Figure 6 displays the partial size distribution of Alccofine. The particle size distribution of Alccofine particles spans from 1 to 75 μm, with a predominant portion falling within the 20–50 μm range. In Figure 7, the scanning electron microscopy (SEM) image depicts the morphology of Alccofine particles. The analysis indicates that the particles exhibit an irregular shape, characterized by sharp edges [13].
![Figure 6
Particle size distribution of Alccofine [13,71–73].](/document/doi/10.1515/rams-2024-0064/asset/graphic/j_rams-2024-0064_fig_006.jpg)
![Figure 7
SEM image of Alccofine [13].](/document/doi/10.1515/rams-2024-0064/asset/graphic/j_rams-2024-0064_fig_007.jpg)

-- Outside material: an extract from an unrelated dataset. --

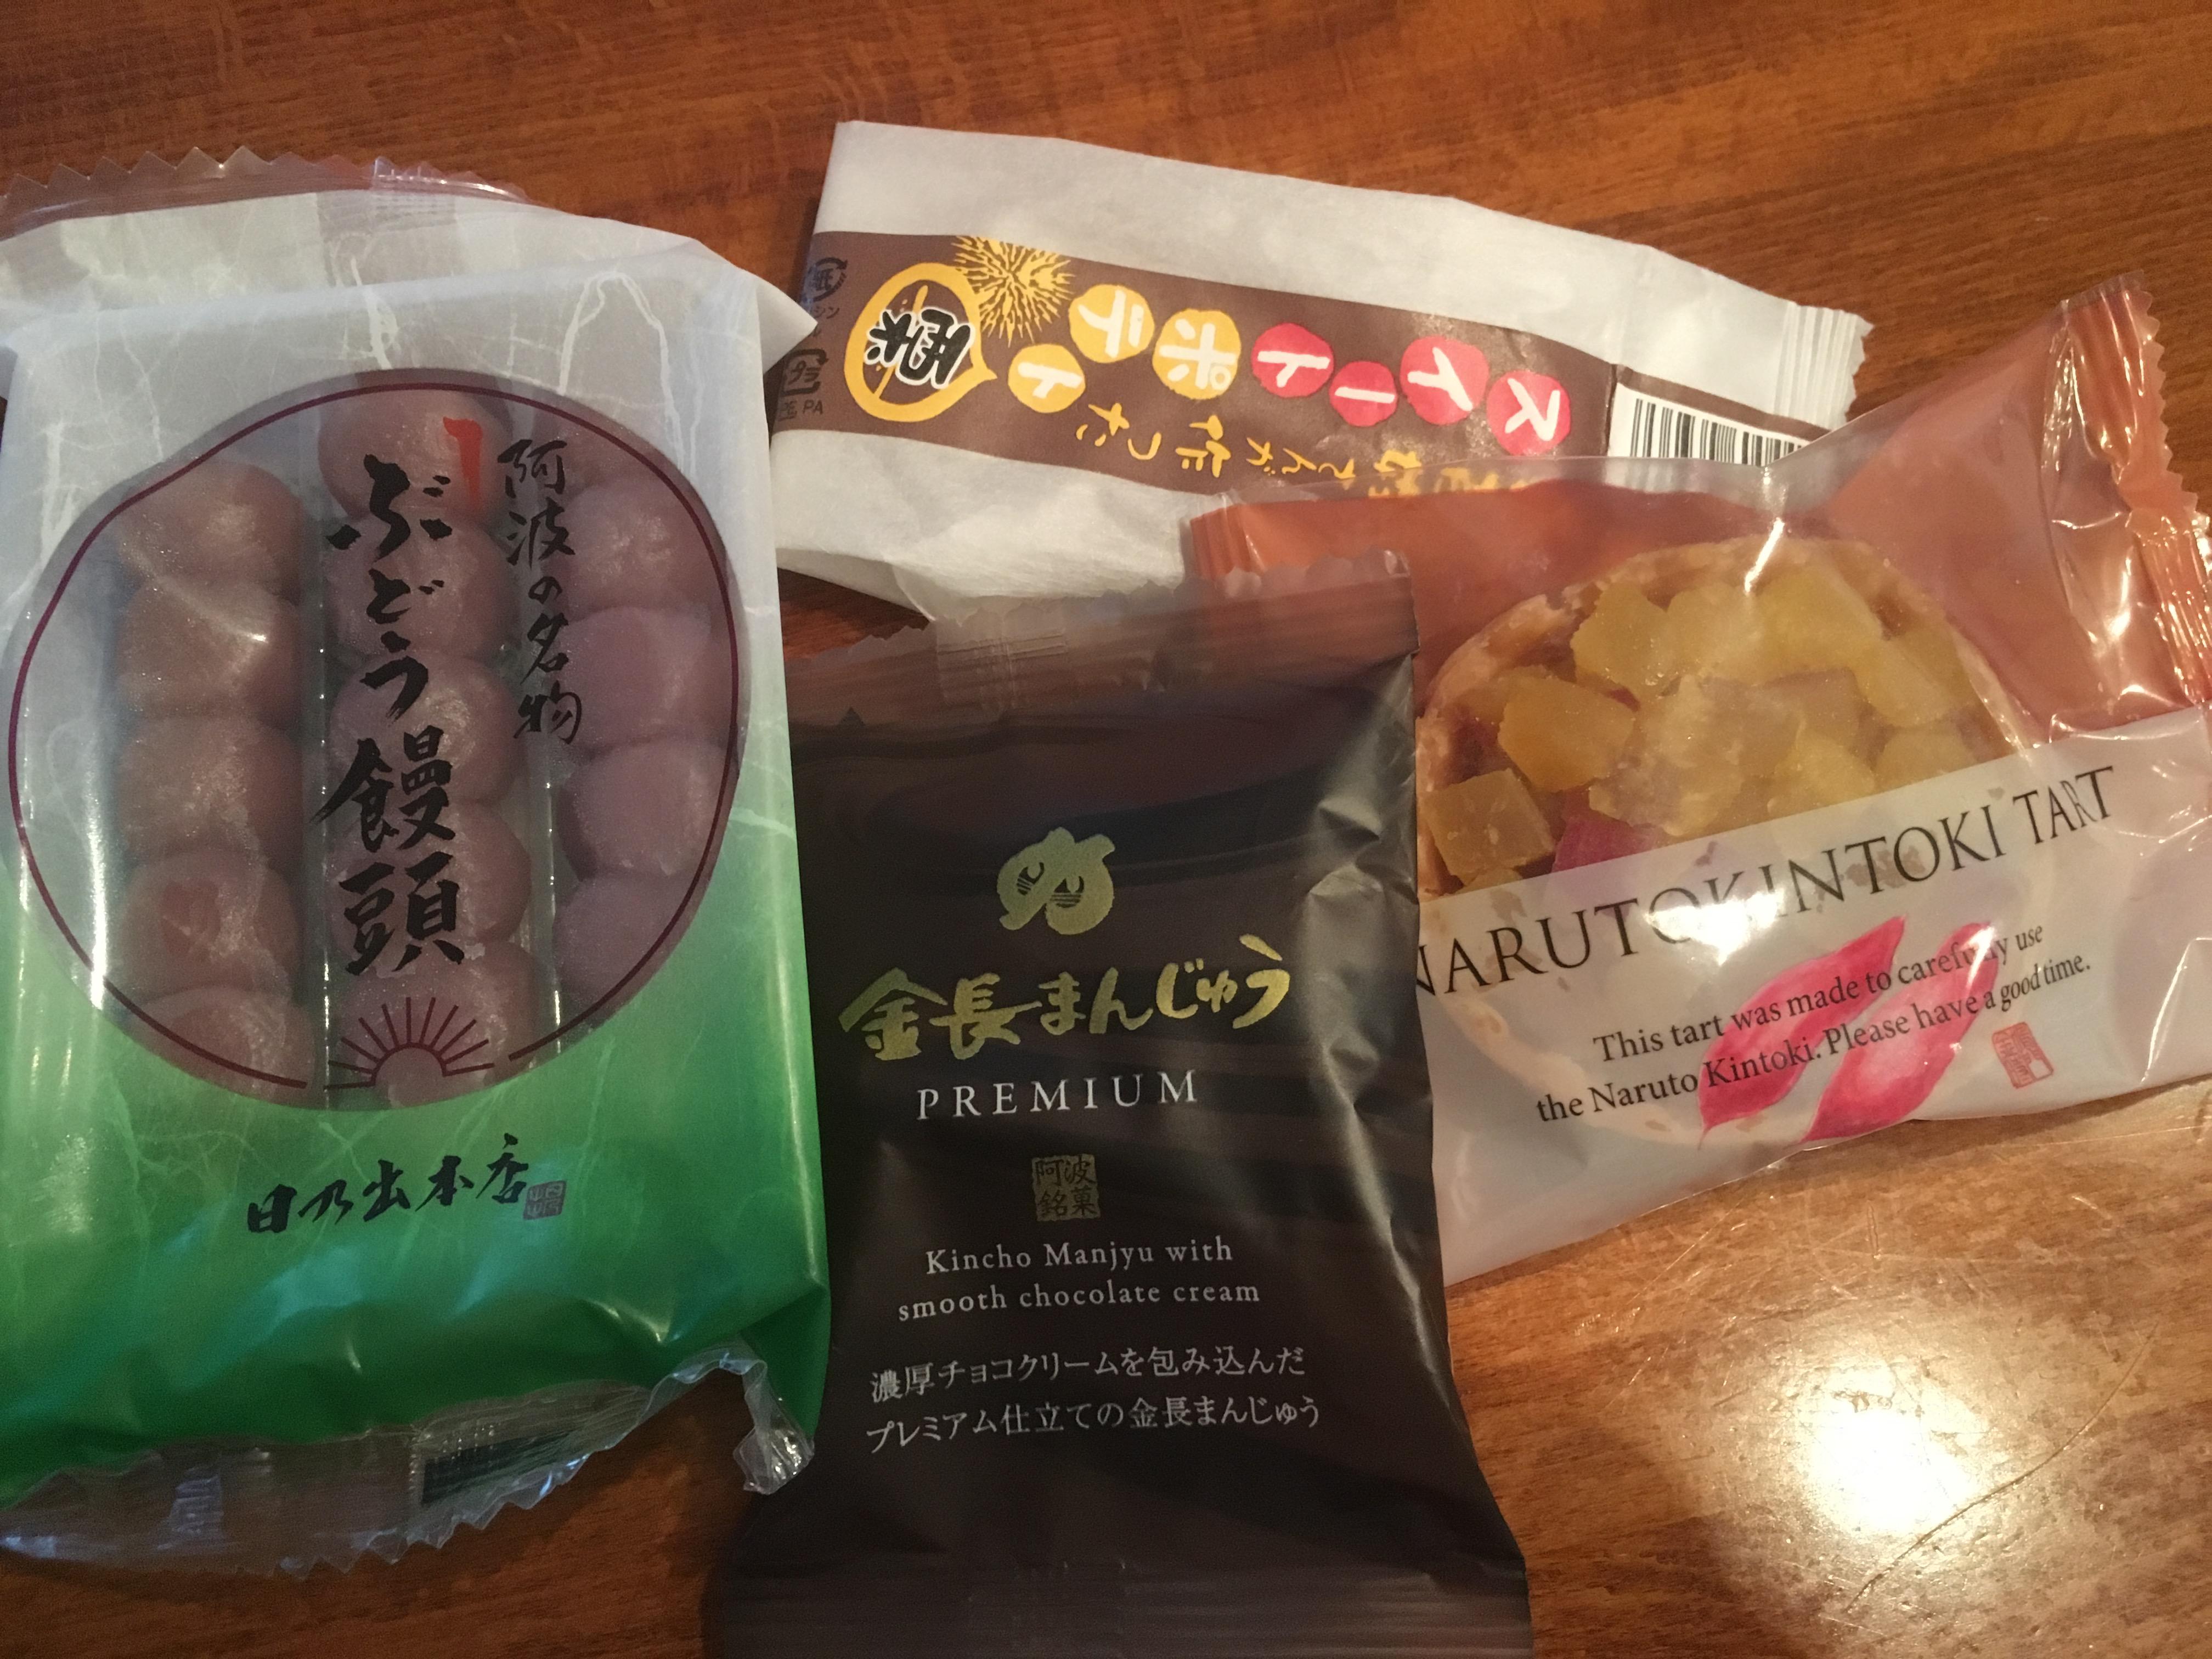 徳島のおすすめお土産スイーツ4選!食べて分かるユニークな地元の味!

SEM image of Alccofine [13].
2.3 Analysis of tests for GPC incorporating Alccofine-1203
For the analysis, there were different kinds of tests like workability tests: CS testing, FS, durability assessments, and microstructural analysis were carried out [13,69]. The 1-day strength of GPC is about 60% of 28 days’ strength [70]. In many research works, the addition of AF-1203 showed satisfactory results [74,75]. Table 6 explains the works on the analysis of tests for concrete incorporating AF-1203 with its attained results and limitations.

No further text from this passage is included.